I began thinking recently how milestones in my life over the last few years have been marked with a social media post, and in turn the likes and engagement that post received, and how slowly over the years those likes somewhat validated the success of that milestone. Shocking thought but I’d be lying if I said likes were not something I ever looked at or got a buzz off.. and so would you.
Last week when I graduated from my masters my friend commented that I had gotten a substantial amount of likes on a post I put up in cap and gown. “Only cost 10 grand for those likes” I joked. Because you know – I really only did a masters to graduate, get a photo, post it online for a bunch of acquaintances to like. Obviously.
An real example of the like impact that actually embarrasses me to think of, was when I lost a considerable amount of weight this year. Throughout my weight loss journey I felt a constant need to compare my progress with other transformation photos that I’d weekly witness on a Tuesday/ Thursday.
Admittedly, it became a goal I set with myself, how much do I need to lose before I post a photo? In this case I benchmarked my weight loss on a photo. Of course I wanted to lose the weight anyway but after a while such a large part of it became about that picture. Maddening I know. I lost 10kg in about 8 months while shaping up considerably. At the end of all my hard work I was down 10kg, 14 inches and up 140 Instagram likes. I hate to admit it but for a snippet in time, I above all else, regarded the likes as a really significant metric of all my hard work.
Now of course I live in a social media bubble and don’t aim to hide that so it doesn’t take a milestone for a social post. I, like many others chase the social high daily even. Facebook, Instagram, Snapchat, I even still Tweet – yeh it’s largely just talking to myself at this point but I do it none the less.
All these shiny platforms with which to indulge in this fleeting high. The mundane and the milestones alike, make it to social media and await the approval of peers.
Likes are the social tender we use to buy self esteem and recognition, but before they make it that far they’re already being registered as rewards. From the instant pleasure release we feel seeing that notification on our device, to the anticipation of how many likes we may rack up, the brain reads these signals as rewards the same way it would an actual achievement. It’s science or something, maybe don’t quote me.
“You get an emotional high when your posts hit a responsive chord with your audience, so you keep going after it, and you’re never fulfilled because you’ll always want more likes,” says Susan Krauss Whitbourne, PhD, professor of psychology at the University of Massachusetts.
Essentially we’re all
crack, like addicts is what she’s saying.
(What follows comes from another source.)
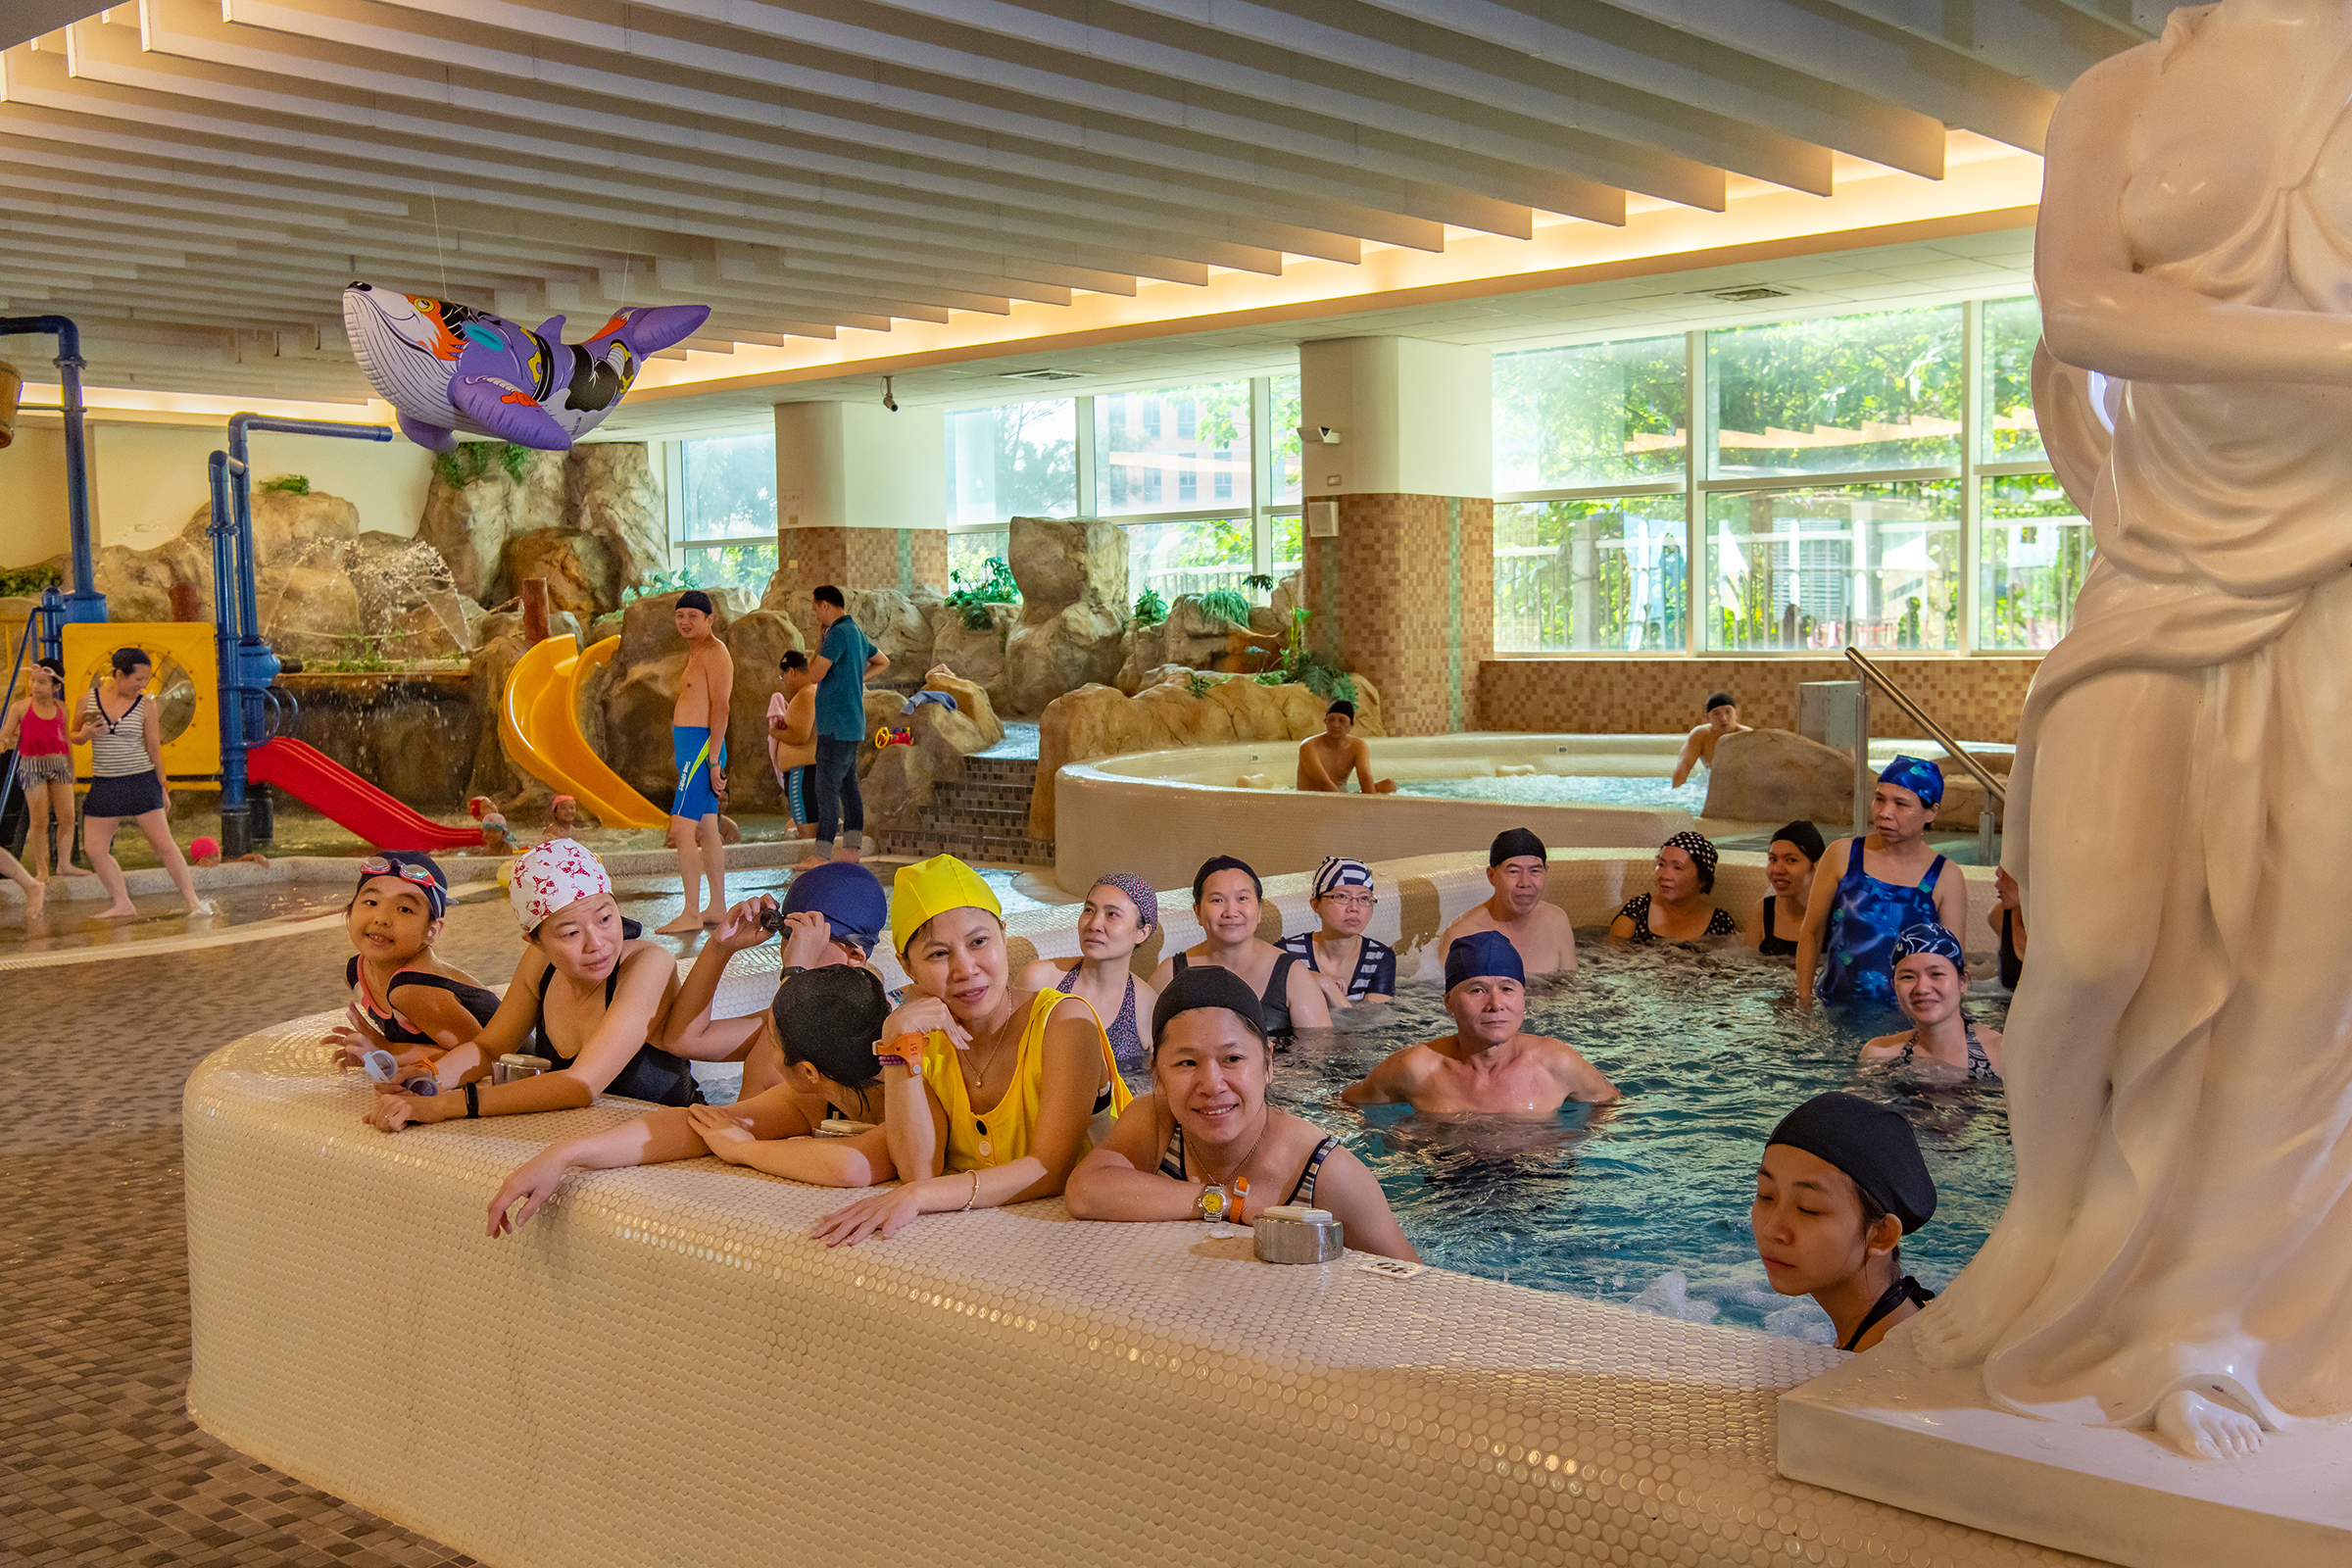 Supporters at a swimming pool wait for the President's arrival during a visit on Oct. 5.

I’m not the only one who monitors social media acceptance like this, nor am I the worst of the accused but it is something I feel I have to address. The more aware and conscious I am of this unhealthy relationship I have with social media the more I retreat from its grip. We can waste hours analysing and over thinking the social acceptance of people we probably really don’t care all that much for anyway, when in reality you’re gaining nothing tangible or intangible from this usually very negative process. It’s utterly pointless.
Don’t get me wrong my life is ever fulfilled offline and is enriched with so much more than the temporary buzz I get from social media. I guess that’s what lead me to this post, noticing the line between offline and online waver and realising that not everything in my life had to be broadcasted in order for it to be deemed significant.
Social media is essential my bread and butter and I do think you can get as much or as little from it as you want. I feel the most important part is learning how to leverage and control it to an extent that it doesn’t impact your life in any other destructive way.